Da una parte Facebook ha tutto l’interesse a moderare certi contenuti che sono particolarmente indigesti agli inserzionisti, i cui soldi sono tuttora il fondamento del modello di business dell’azienda. I suoi sistemi automatici di moderazione sono per esempio particolarmente solerti nell’individuare e rimuovere qualsiasi contenuto possa rimandare al nudo femminile, mettendo in difficoltà le persone che vogliono parlare di educazione sessuale su Facebook o Instagram, ma anche quelle che si mantengono con il sex work su altre piattaforme esterne ma vogliono coltivare la propria comunità di follower su questi social.
Si sono invece mostrate molto più difficili da prendere le decisioni che riguardano la rimozione o quanto meno la moderazione di contenuti violenti a sfondo politico. Nonostante Facebook storicamente investa molto meno sulla moderazione dei contenuti nei paesi in via di sviluppo, dotandosi in molti casi molto tardi di persone che anche solo parlino la lingua di milioni di propri utenti, le decisioni in materia hanno conseguenze particolarmente gravi nei paesi meno democratici, dove l’opposizione politica e la stampa indipendente sono meno forti e Facebook è in molti casi l’unico sito dove si svolge gran parte della vita digitale delle persone.
Nel 2018, per esempio, Facebook ha dovuto ammettere di avere avuto un ruolo nelle campagne d’odio e razziste in Myanmar, soprattutto contro la minoranza dei Rohingya, contro cui erano in corso fortissime violazioni dei diritti umani: in quel caso, i discorsi d’odio sulla piattaforma avevano portato a effetti concreti offline, di violenze e assassini. In seguito Facebook è stato accusato di aver silenziato le voci critiche di Israele nel contesto della repressione dei diritti umani nella Striscia di Gaza, di aver esacerbato la guerra civile in Etiopia e la pulizia etnica in Nigeria, di aver contribuito alla diffamazione di centinaia di persone accusate di essere spacciatori nelle Filippine e alla diffusione di pericolose notizie false contro la minoranza musulmana in India.
Per cercare di far fronte a ogni genere di questione di moderazione dei contenuti e creare nuove linee guida più specifiche per rimpiazzare quelle precedenti, considerate spesso vaghe o arbitrarie, nel 2019 è stata creata una commissione di vigilanza «indipendente», chiamata Oversight Board.
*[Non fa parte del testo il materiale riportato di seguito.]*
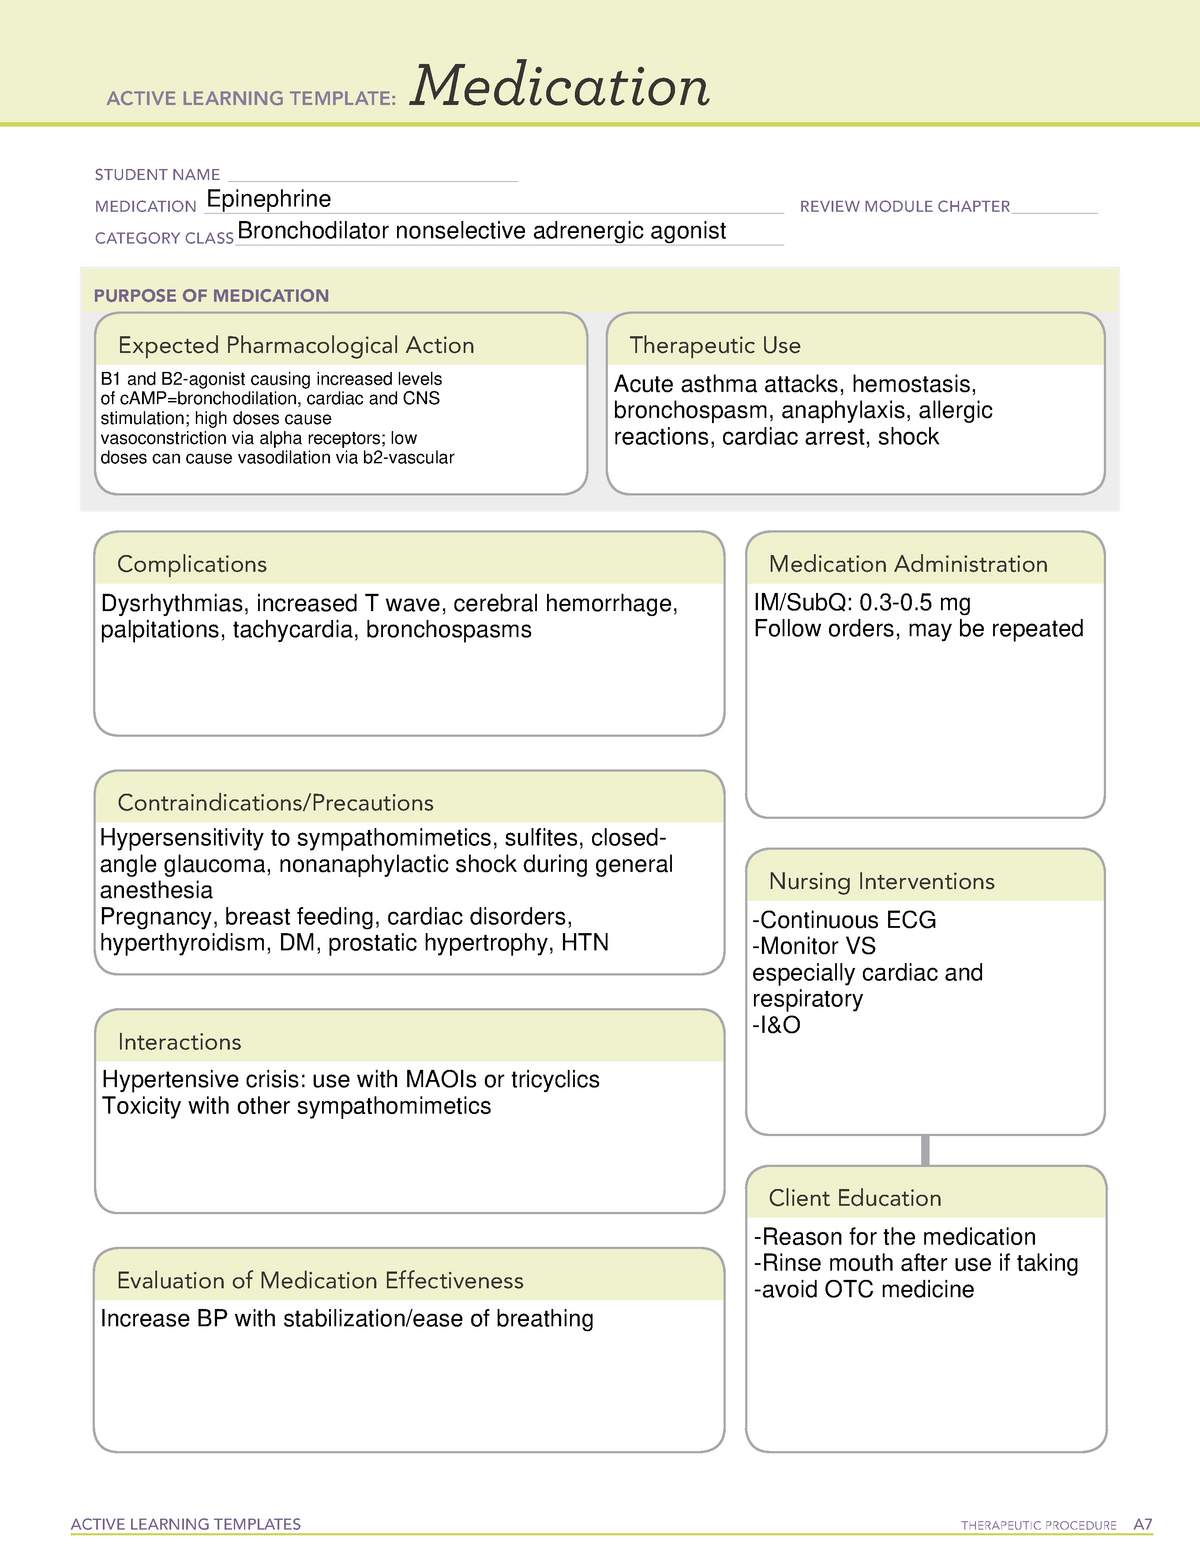 ati-medication-template-epinephrine

Da allora la commissione ha preso decine di decisioni, alcune delle quali hanno avuto grande risonanza: tra le altre cose, nel 2021 ha confermato la sospensione del profilo di Donald Trump per il suo coinvolgimento nell’attacco al Congresso statunitense del 6 gennaio. Ma è anche stata sommersa di casi da dirimere, ed è per questo considerata troppo lenta per far fronte da sola a decisioni di moderazione che hanno un effetto quotidiano su miliardi di utenti.
Di critiche ce ne sono tantissime altre, e legittime: ci sono poche aziende che più di Facebook hanno avuto un impatto così immediato e tangibile sul modo in cui le persone si interfacciano tra loro, si conoscono, si parlano, si informano, comprendono il mondo. Intere nuove branche di ricerca sono nate soltanto per cercare di misurare tangibilmente il modo in cui ha trasformato il rapporto delle persone con il proprio tempo e la propria capacità di concentrazione, il rapporto con il proprio aspetto fisico o la soddisfazione verso la propria vita comparata costantemente a quella degli altri, le nuove forme di violenza e aggressione interpersonale.
È un rapporto complicato anche dal fatto che milioni di persone (soprattutto nel settore del marketing, dell’influencing, della creazione di contenuti) devono la propria vita lavorativa allo sviluppo di un web molto più commerciale e commercializzabile di quello che c’era prima. Un web che non è stato certo realizzato dal solo Mark Zuckerberg a partire da una cameretta ad Harvard, vent’anni fa, ma su cui Zuckerberg e la sua compagnia hanno senza dubbio investito, e continuano a investire, tantissimo.